There are a lot of HN posts about people trying MDMA one time and having a life changing discovery about themselves.
This author says, "My lack of emotion and empathy", and "my insincerity, emotional poverty, absence of shame and guilt, and reduced empathic response".
I wonder what one dose of MDMA would allow her to experience?
Or possibly be a candidate for an MDMA research study.
My personal experience with MDMA is that it makes you feel empathetic, not that it actually makes you more empathetic. It helps you feel good about yourself and others, and so long as you're doing so with trustworthy people with similar goals - It's basically the same thing. My roommate's boyfriend did MDMA while I was in the house, and they were convinced that they knew me and had a deep personal connection with me from that point forward.
It was not true at all, and ended very badly (he drugged me, and that's all that I know for sure).
There was a Canadian psychologist who tried to “cure” criminal psychopaths by administering LSD to them in the 70s. The result was they became better at manipulation and deception and experienced higher rates of recidivism. Jon Ronson covers this episode in his book The Psychopath Test.
I can speak to this, having shared a lot of MDMA experiences with a self-professed sociopath who was formerly a good friend until he crossed the line a bit (harmlessly).
The experiences seemed to be more hedonistic for him than anything... However -- and this is big, imo -- the MDMA did help him open up about a lot of things (for example, being a sociopath) and other kinds of darker predilections that he had kept inside / experienced in the past. And I think it made him a much better person for it, in all kinds of ways, just getting this stuff out and sharing.
But in the end, the relationship fell apart because I couldn't deal with the subtle manipulation that he would constantly try to get away with (hilariously assuming that I couldn't pick up on what he was doing, which was often very obvious -- a sociopathic trait, being unable to relate and thinking oneself superior). We had a lot of good times, and I think about those days often. In the end I just couldn't handle the quirks... which might say more about me than him.
Leaving out the MDMA part, this matches my experience with sociopaths. Because they're less repressed they're more fun, almost a guaranteed good night out, but they push & push & push and don't know when to stop, and won't stop (except for a short while) if you warn them, until finally the relationship (platonic I mean) gets too much and you finish it. And they can get quite upset about it, this no-emotions thing for sociopaths doesn't really match what I've seen. They seem to be empty inside, an unfillable hole, but certainly not emotionless.
This happened to me, but I've never thought of myself as sociopathic. Rather, I grew up in a situation that required me to repress my feelings, and MDMA was a gateway to breaking down the giant wall I had, unknowingly, built up.
From my experience of dealing with people that I have thought to be sociopaths when they describe their experiences on MDMA they usually describe them as feeling really good and feeling really good about themselves but without developing or expanding their empathetic connection to others.
This.
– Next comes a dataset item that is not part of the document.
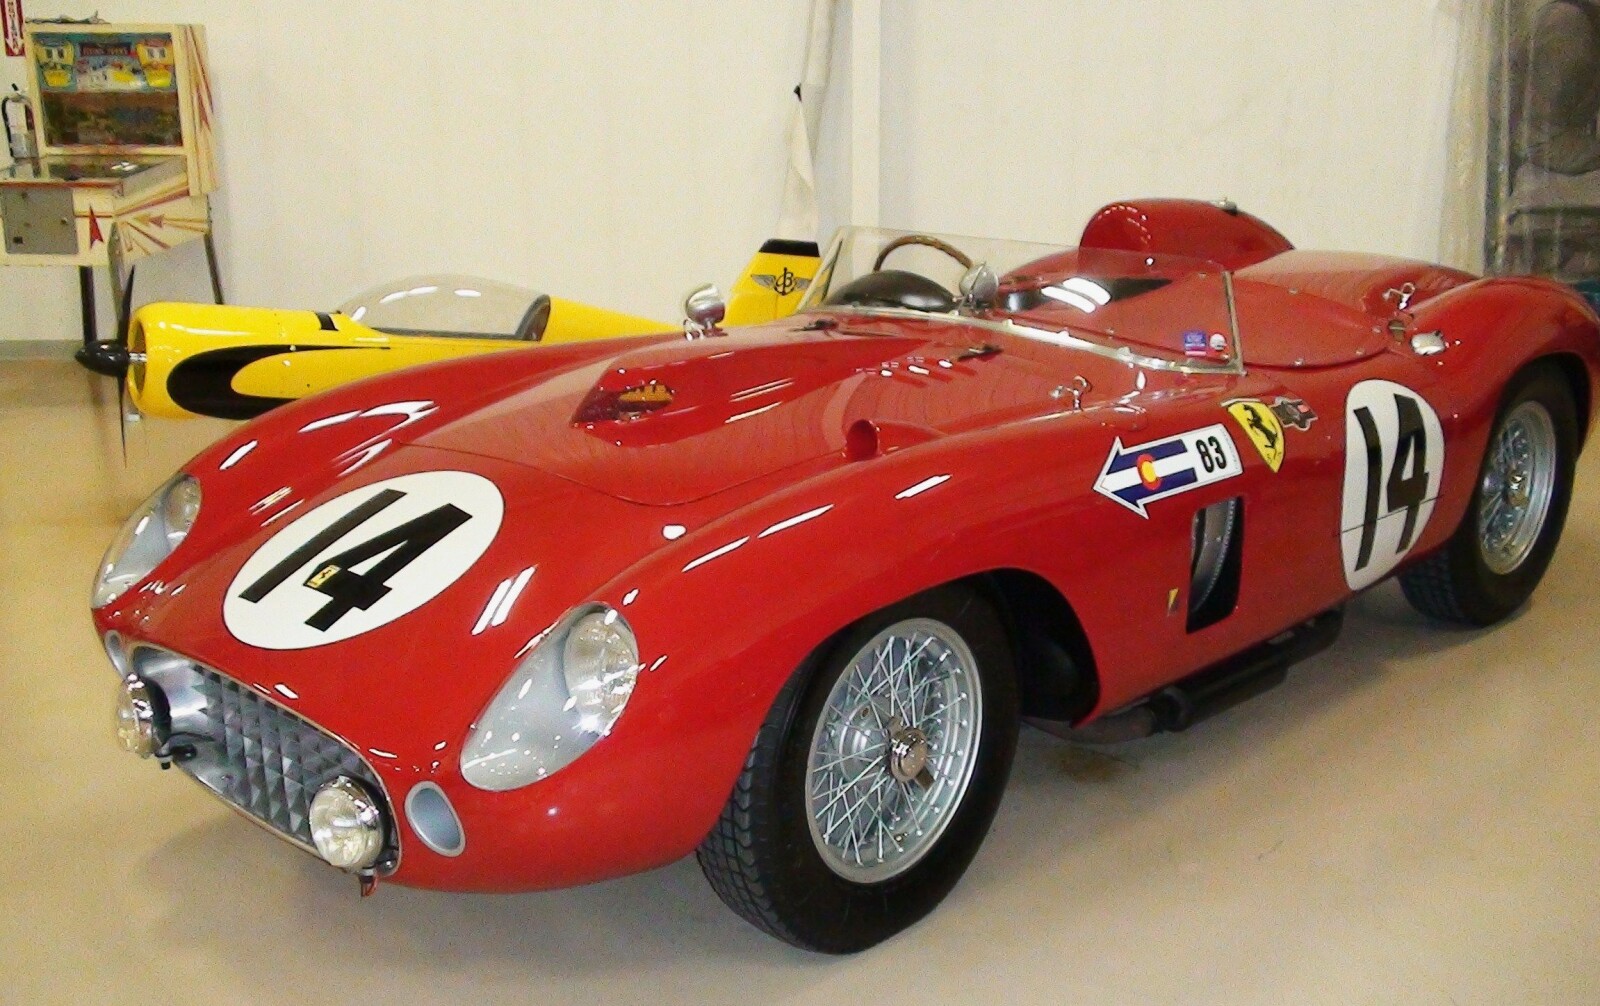 <b>SPESIELL BIL:</b> En slik Ferrari ble spesiallaget til racinglegenden Juan Manuel Fangio.
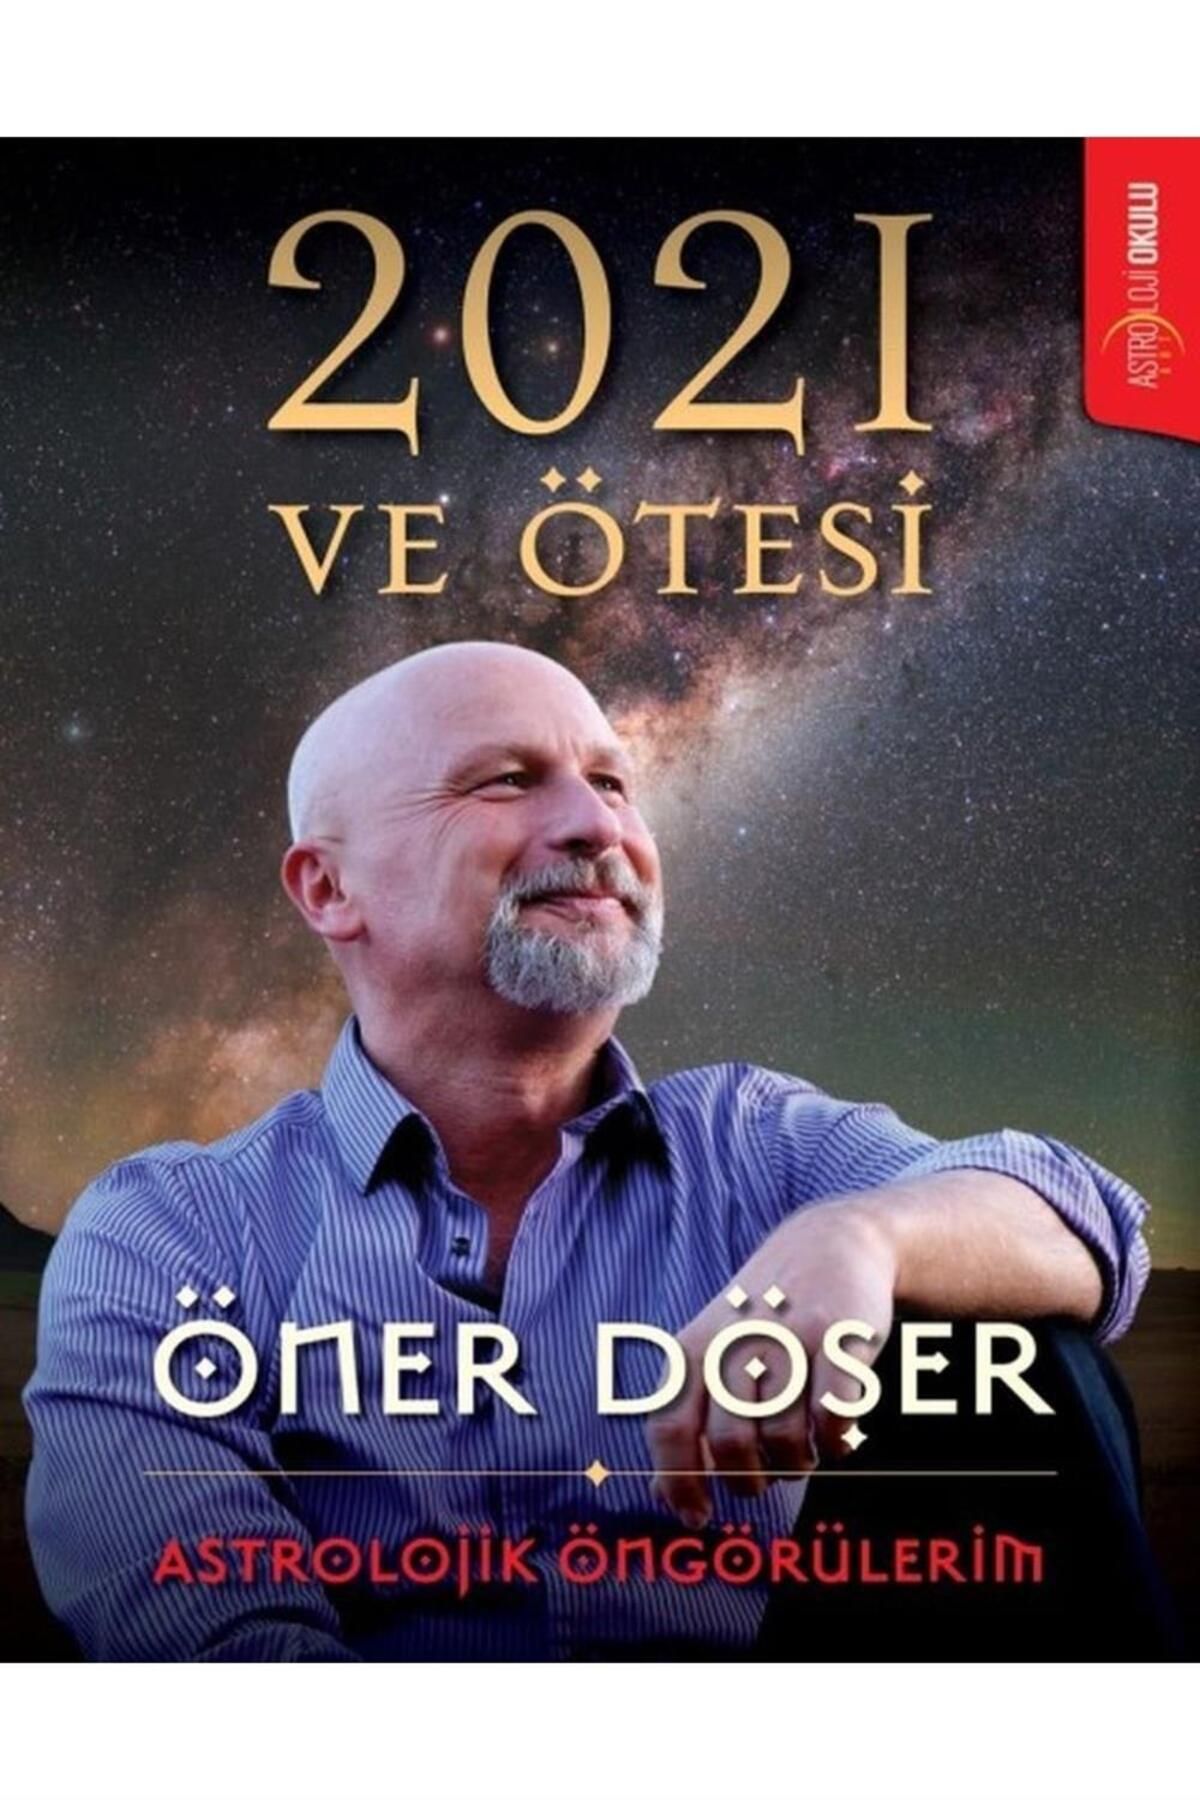 Astroloji Okulu Yayınları 2021 Ve Ötesi-astrolojik Öngörülerim

I've had two ex-partners who fall somewhere down that spectrum (one diagnosed) and they both really enjoyed MDMA (one having abused it in the past and one bordering on unhealthy regularity).
They just enjoy feeling really good.
My most recent ex also really enjoyed psychedelics, but as far as I could tell she had qualitatively very different experiences from me - not so much of the psychedelic/mystical/connecting aspects and more of recreational enjoyment and to some limited extent self-exploration. Her deepest realization was that she appreciated hanging out with her childhood friend. She never had a bad or dark trip or any of the anxiety.
I think it's a mistake to believe that these things affect different psyches similarly.
This author says, "My lack of emotion and empathy", and "my insincerity, emotional poverty, absence of shame and guilt, and reduced empathic response".
I wonder what one dose of MDMA would allow her to experience?
Or possibly be a candidate for an MDMA research study.